• **Assignment**
Return the full listing character for character, without its pictures.

━━━ Stored data ━━━

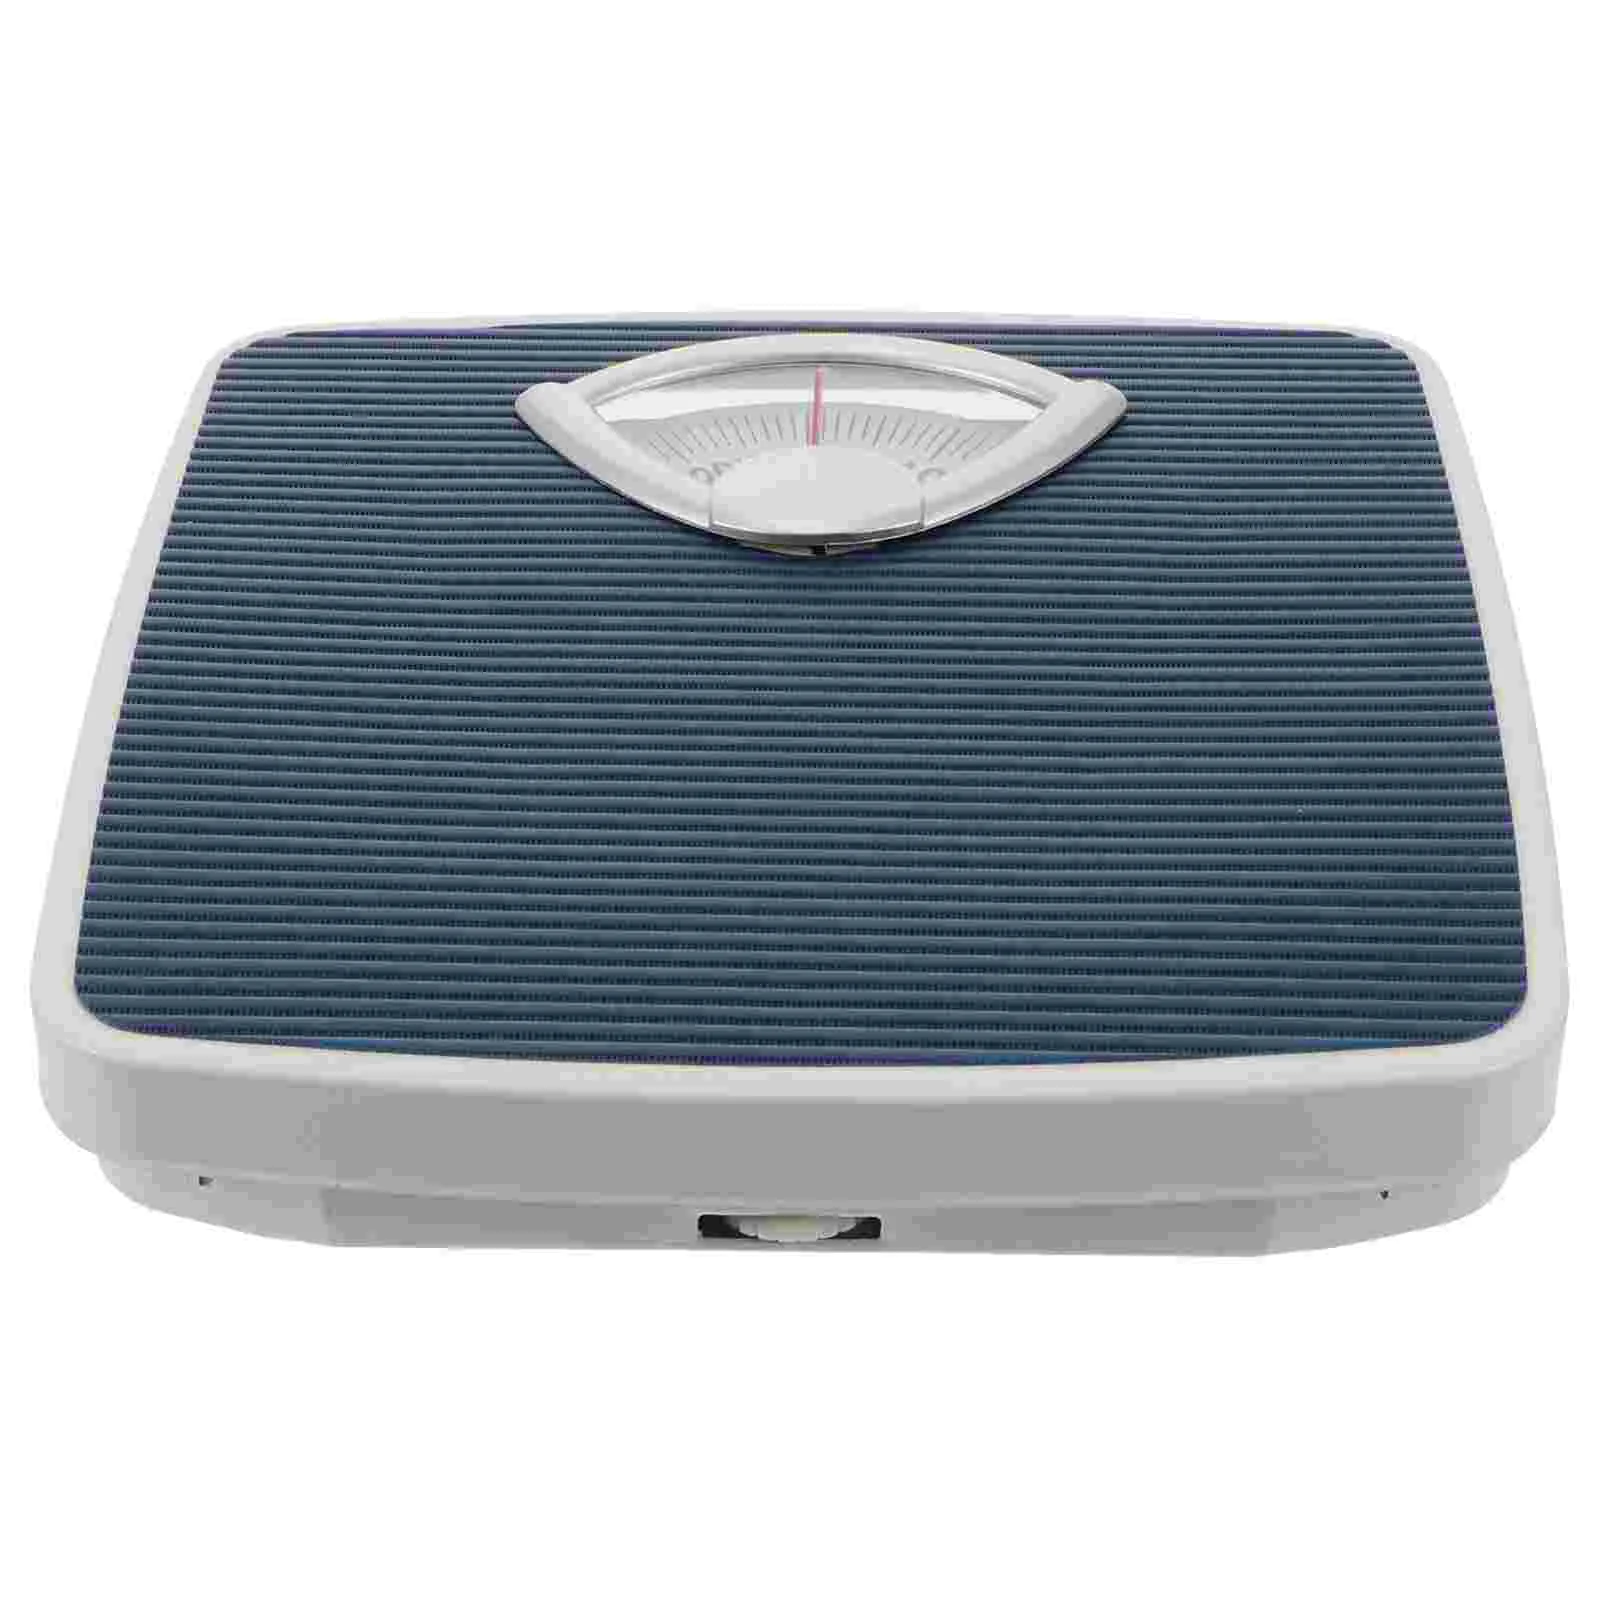 

Digital Scales For Body Weight Weighing Scale Dial Weight Rotating for Bathroom Precision Body Mechanical Home
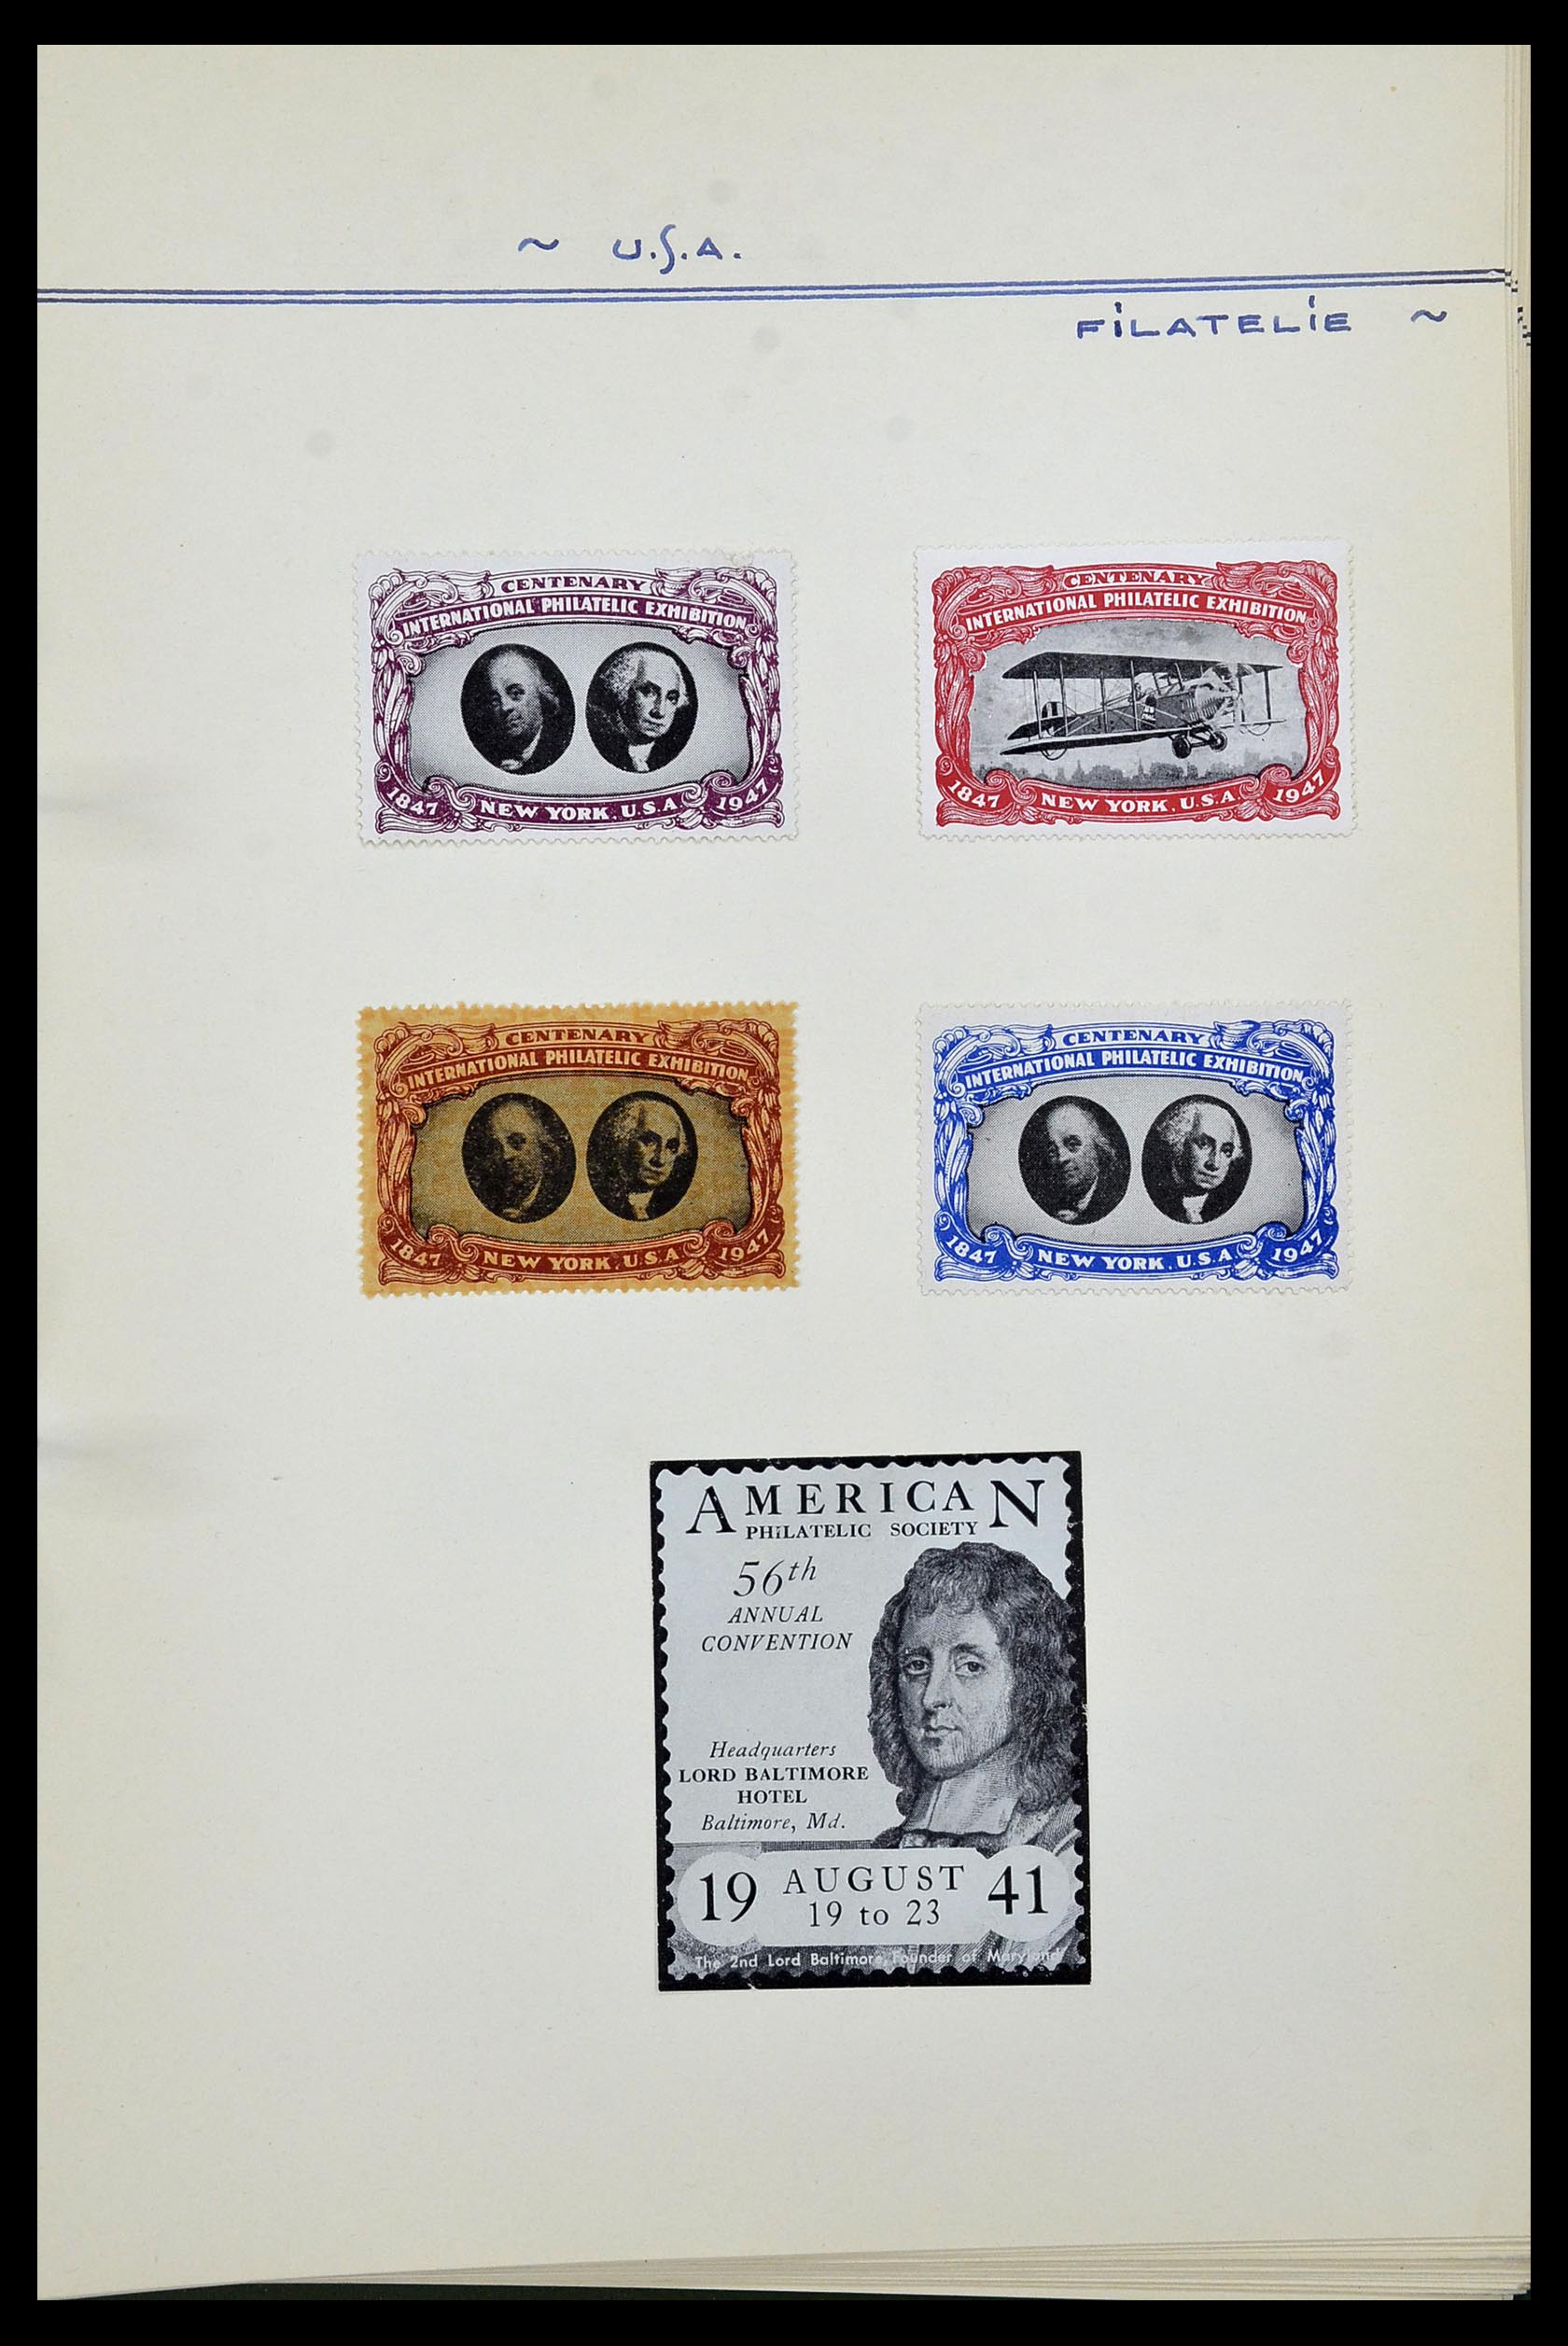 34486 056 - Stamp Collection 34486 USA philatelic labels 1926-1960.
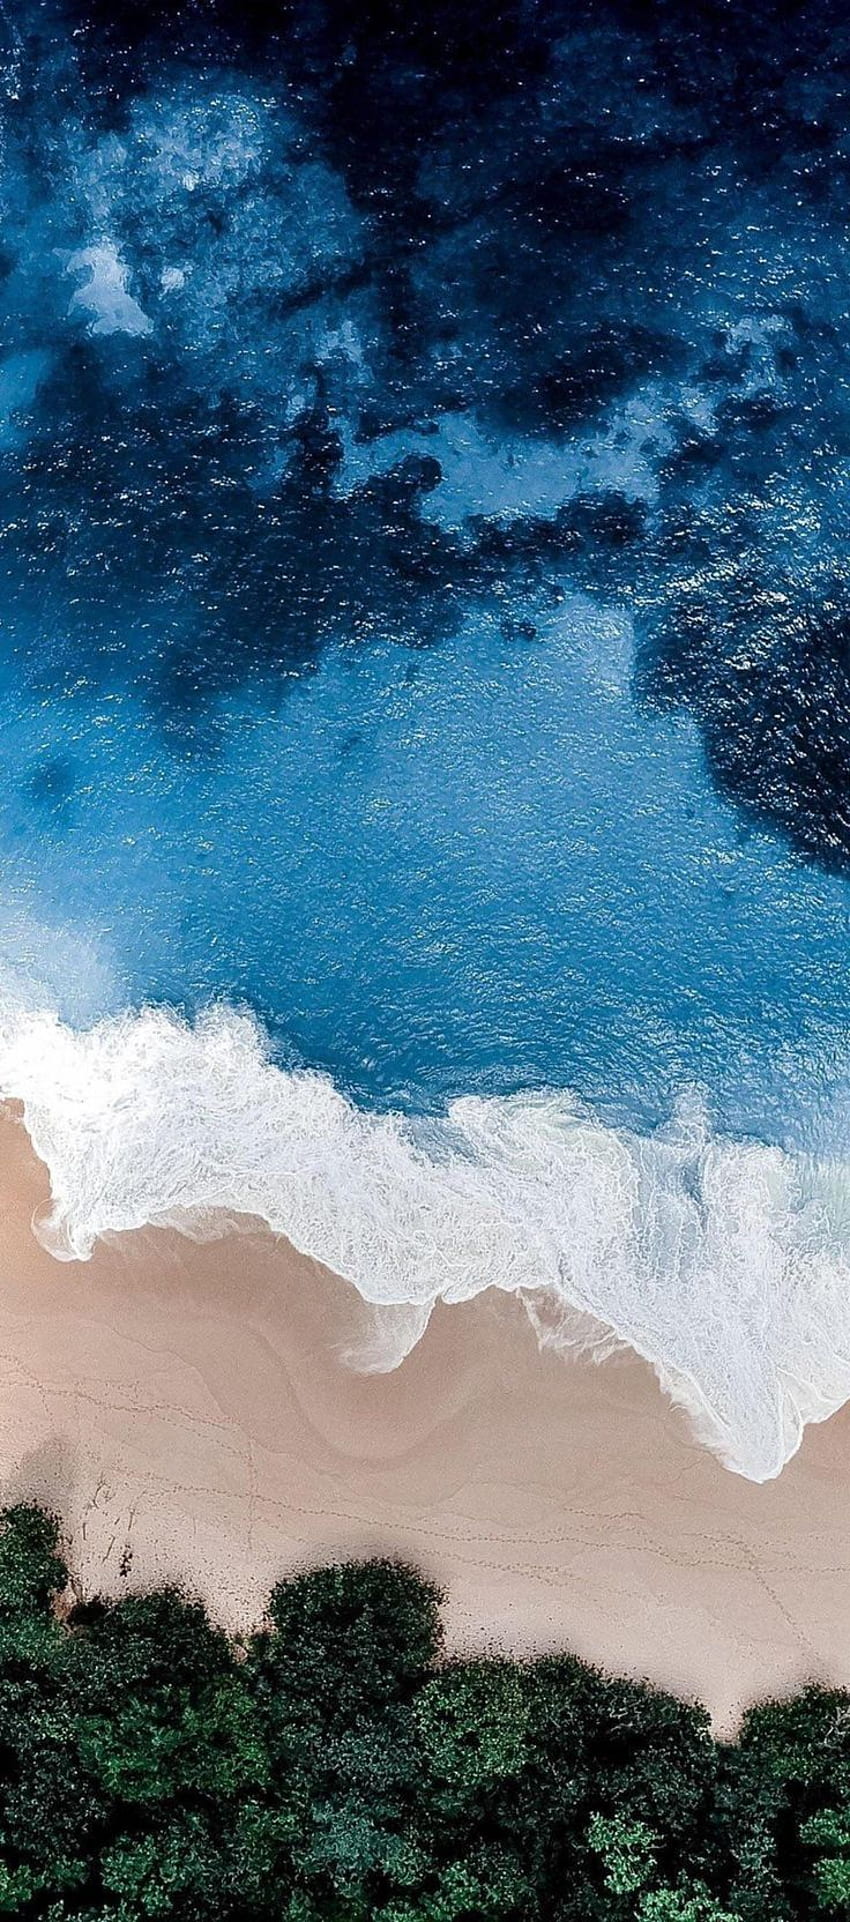 Aqua blue sea water, texture natural light and waves - a Royalty Free Stock  Photo from Photocase

━━━

• **Output of the task**
Digital Scales For Body Weight Weighing Scale Dial Weight Rotating for Bathroom Precision Body Mechanical Home
 34486 056 - Stamp Collection 34486 USA philatelic labels 1926-1960.
 Aqua blue sea water, texture natural light and waves - a Royalty Free Stock  Photo from Photocase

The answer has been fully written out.